One has to start the Collector using collector.sh, then one can run multiple collector clients. Another good reason for separating the encryption portion from the data collection process is that it can allow multiple sources to be encrypted under the same policy. Collectors-clients are meant to be easy to code to fit the user/organization’s liking. The only requirement that client collectors have is that they must connect to the Collector via a TCP socket and send one JSON record per connection. We have provided a sample Collector client inside the Collector’s root directory. This client grabs JSON records from a file and sends them to the Collector/encryption module.

The dependencies for this client are are python3, python3-venv, and python modules specified in requirements.txt (install as specified below).

Install collector dependencies(for Debian based, e.g., Ubuntu):

sudo apt install -y python3 python3-venv

To run the collector client:

cd collector-client

# make python environment (do once)
python3 -m venv env 

# then source environment, do when wanting to run client
#  or to install dependencies
source env/bin/activate
# note (env) at the left-hand side of the terminal prompt

# install dependencies, do once
pip install -r requirements.txt 

# then run client
python3 collector-client.py --host <collector-host> --port <collector-port> <json-file>
# when running a collector on the same machine this script will default by using default ports and hostname
python3 collector-client.py <json-file>

Note: collector-client.py has a flag --json-key, it make it so it only sends that spesific key-data pair.

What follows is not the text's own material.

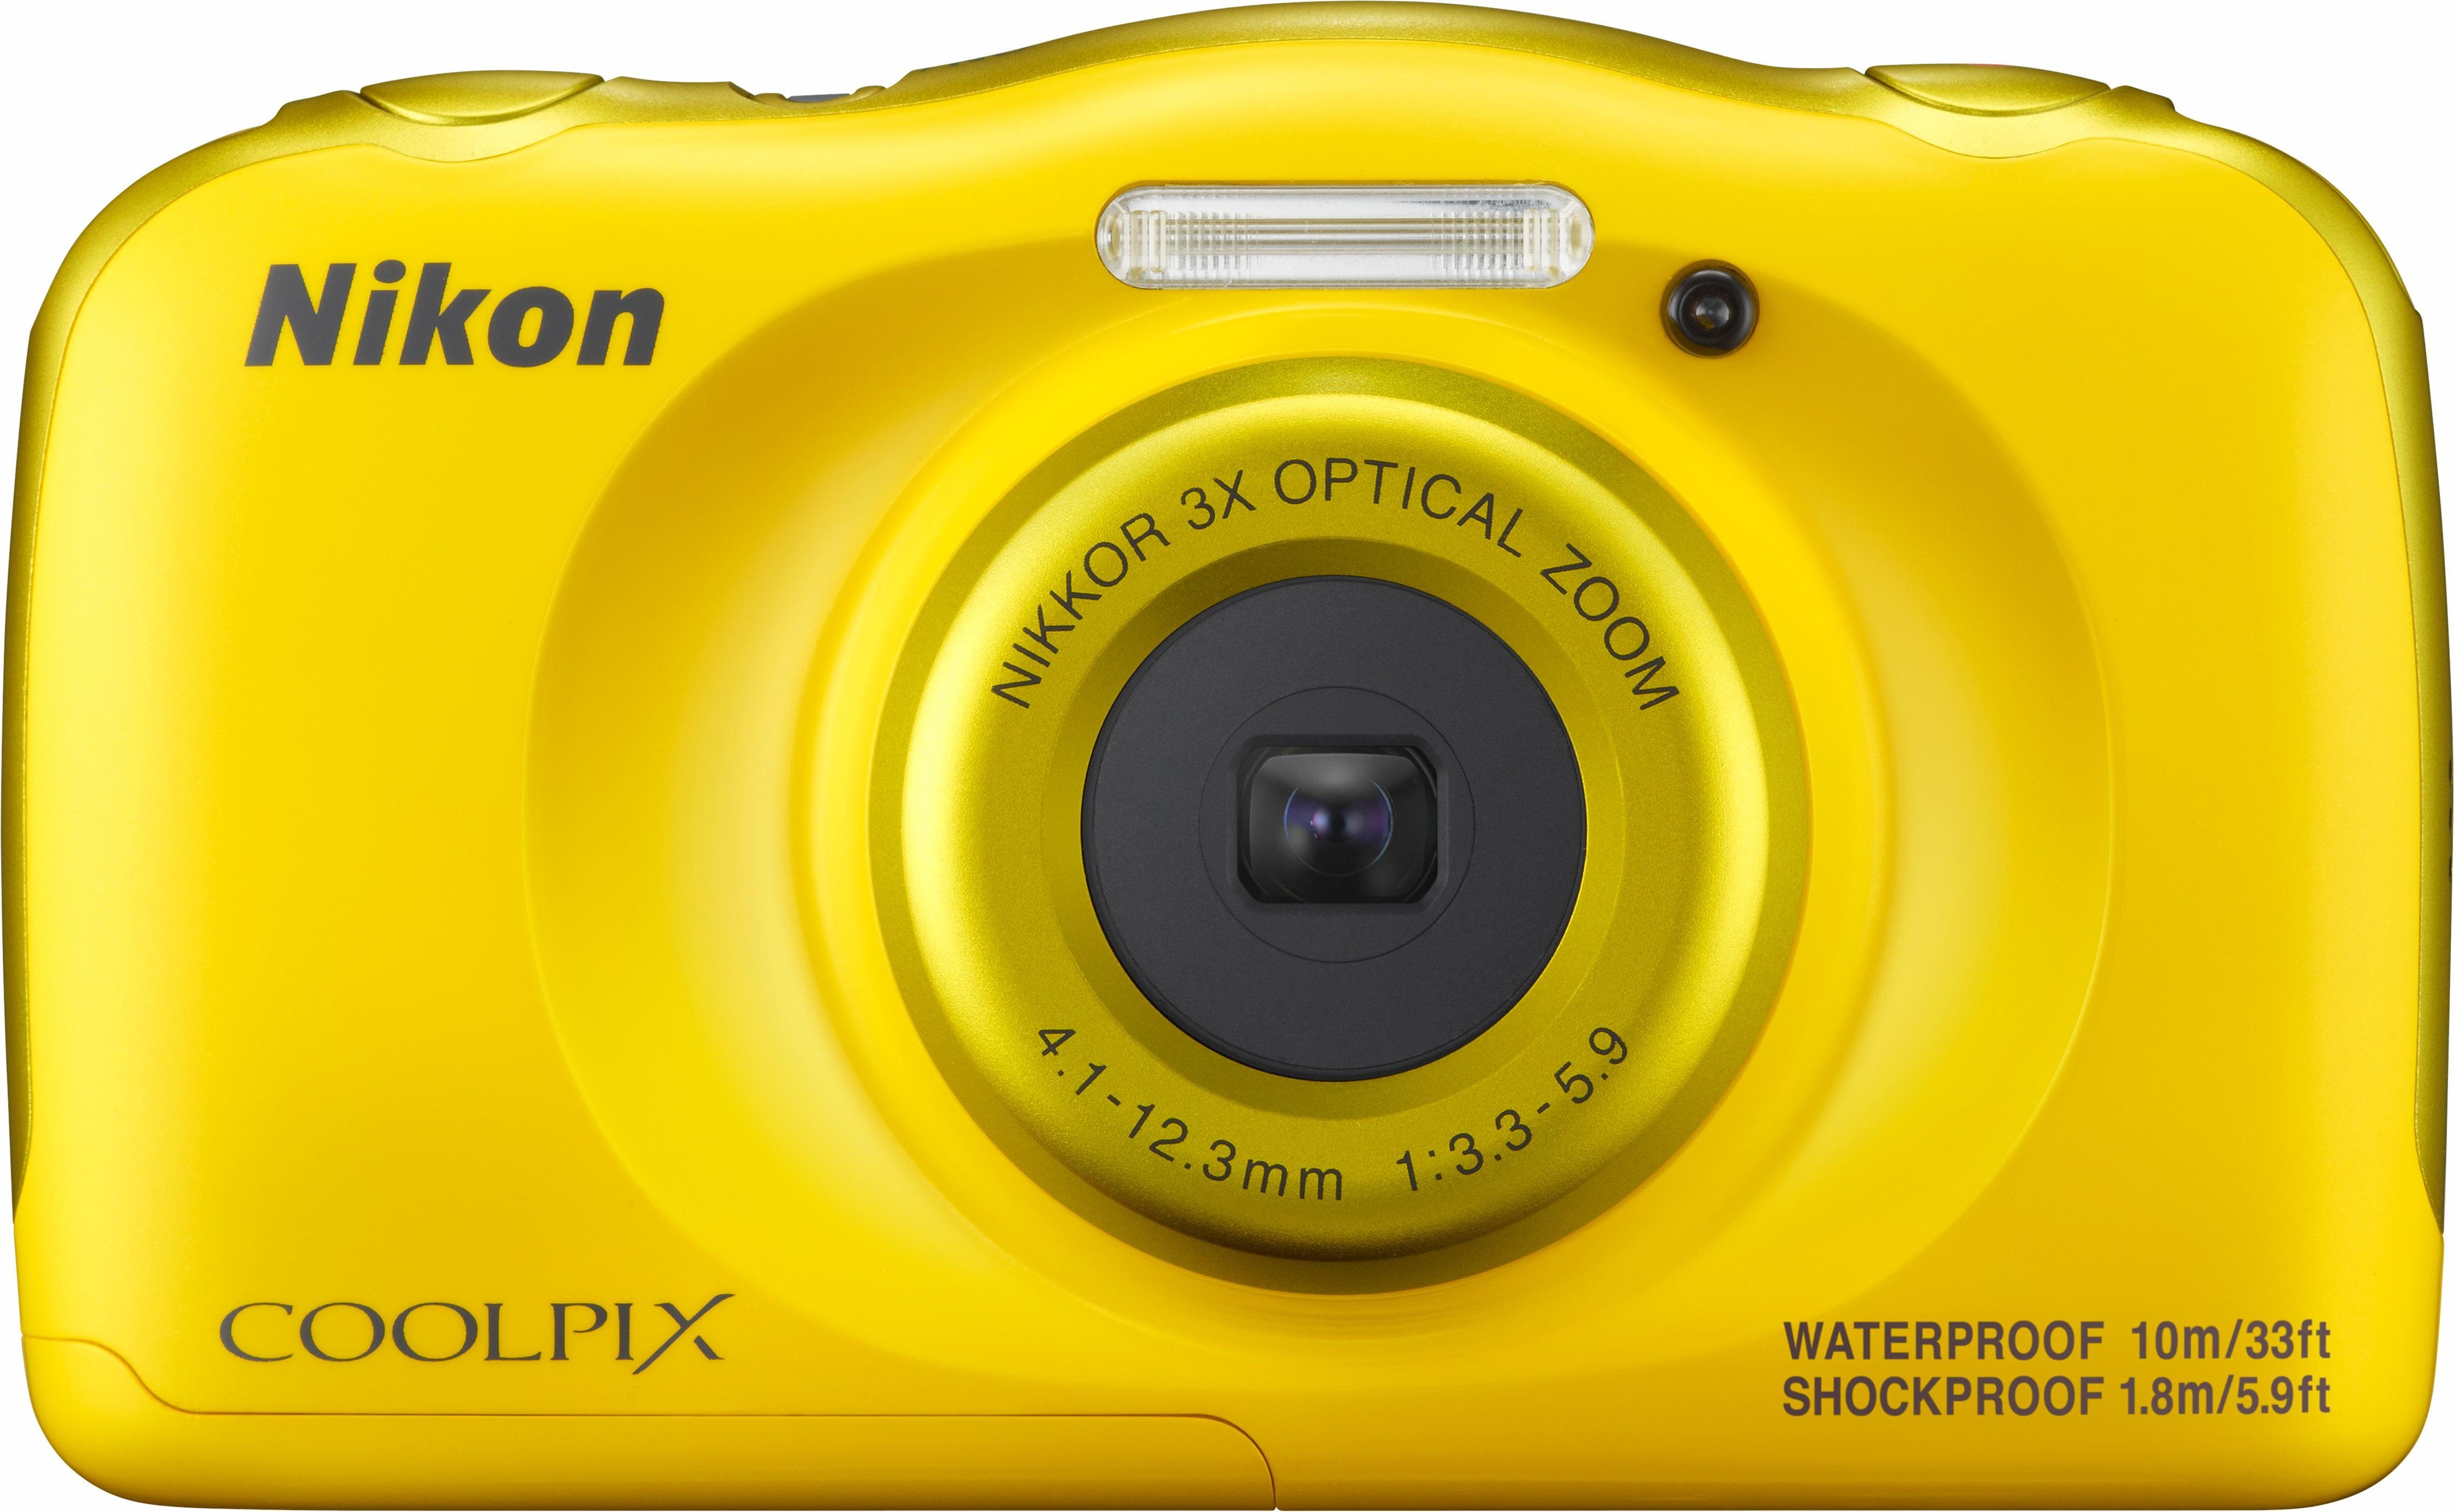 Nikon Nikon Coolpix W100 compactcamera, 13,2 megapixel, 3x optische zoom, 6,7 cm (2,7 inch) display

For example:

{"_id": {"$oid": "5d659c2d34ecea6c769ec9ff"}, "itype": "raw", "data": {"session": "17e8b9e02971", "geoip": {"ip": "165.227.91.185", "latitude": 40.7214, "longitude": -74.0052, "location": {"lat": 40.7214, "lon": -74.0052}, "continent_code": "NA", "timezone": "America/New_York", "country_code3": "US", "country_code2": "US", "postal_code": "10013", "country_name": "United States", "city_name": "New York", "dma_code": 501, "region_name": "New York", "region_code": "NY"}, "source": "/home/cowrie/cowrie/var/log/cowrie/cowrie.json", "@timestamp": "2019-08-27T20:51:18.993Z", "tags": ["beats_input_codec_plain_applied", "geoip", "beats_input_codec_json_applied"], "timestamp": "2019-08-27T20:51:16.595926Z", "host": {"name": "ssh-peavine"}, "duration": 120.02226901054382, "eventid": "cowrie.session.closed", "msg": "Connection lost after 120 seconds", "beat": {"hostname": "ssh-peavine", "version": "6.5.4", "name": "ssh-peavine"}, "offset": 3165054, "@version": "1", "src_ip": "165.227.91.185", "prospector": {"type": "log"}, "sensor": "ssh-peavine"}, "orgid": "identity--f27df111-ca31-4700-99d4-2635b6c37851", "timezone": "US/Pacific", "sub_type": "x-unr-honeypot", "_hash": "ce1125ef568028d65ad444dd9a6dacf6a860b7a3d0a43ebabc0b03fb258c80db", "uuid": "raw--8d30f29e-9285-4790-ac57-bbba5aa56fbb", "filters": ["filter--ad8c8d0c-0b25-4100-855e-06350a59750c"]}

The data that we are after is inside the data key. Therefore we would use the tool as follows:

python3 collector-client.py --json-key data <json-file>

this will result in only sending the following:

{"session": "17e8b9e02971", "geoip": {"ip": "165.227.91.185", "latitude": 40.7214, "longitude": -74.0052, "location": {"lat": 40.7214, "lon": -74.0052}, "continent_code": "NA", "timezone": "America/New_York", "country_code3": "US", "country_code2": "US", "postal_code": "10013", "country_name": "United States", "city_name": "New York", "dma_code": 501, "region_name": "New York", "region_code": "NY"}, "source": "/home/cowrie/cowrie/var/log/cowrie/cowrie.json", "@timestamp": "2019-08-27T20:51:18.993Z", "tags": ["beats_input_codec_plain_applied", "geoip", "beats_input_codec_json_applied"], "timestamp": "2019-08-27T20:51:16.595926Z", "host": {"name": "ssh-peavine"}, "duration": 120.02226901054382, "eventid": "cowrie.session.closed", "msg": "Connection lost after 120 seconds", "beat": {"hostname": "ssh-peavine", "version": "6.5.4", "name": "ssh-peavine"}, "offset": 3165054, "@version": "1", "src_ip": "165.227.91.185", "prospector": {"type": "log"}, "sensor": "ssh-peavine"}

Collector

The Collector index creation works well on the first level of the JSON structure(make sure that indices are created only on the first level). It can encrypt on more levels on the tree, but index retrieval/querying of the data might not be deterministic(due to sorting of the JSON structure) if the index was multilevel; therefore, it may result in unsearchable data.

Force key retrieval

If for some reason keys are not working it may be necessary for keys to be fetched again from the KMS server (this applies to collector and query), one can:

  1. Stop the module

  2. Delete the contents from secrets folder for that module

  3. Restart the module

Keys folder

Do not delete the actual folder as the folder structure is important.

KMS keys

Do not delete keys from KMS secret folder. If system keys are deleted and there happens to be encrypted data in the backend and new data is submitted with different set of keys (KMS regenerates new keys upon not finding them) it will create incompatible data.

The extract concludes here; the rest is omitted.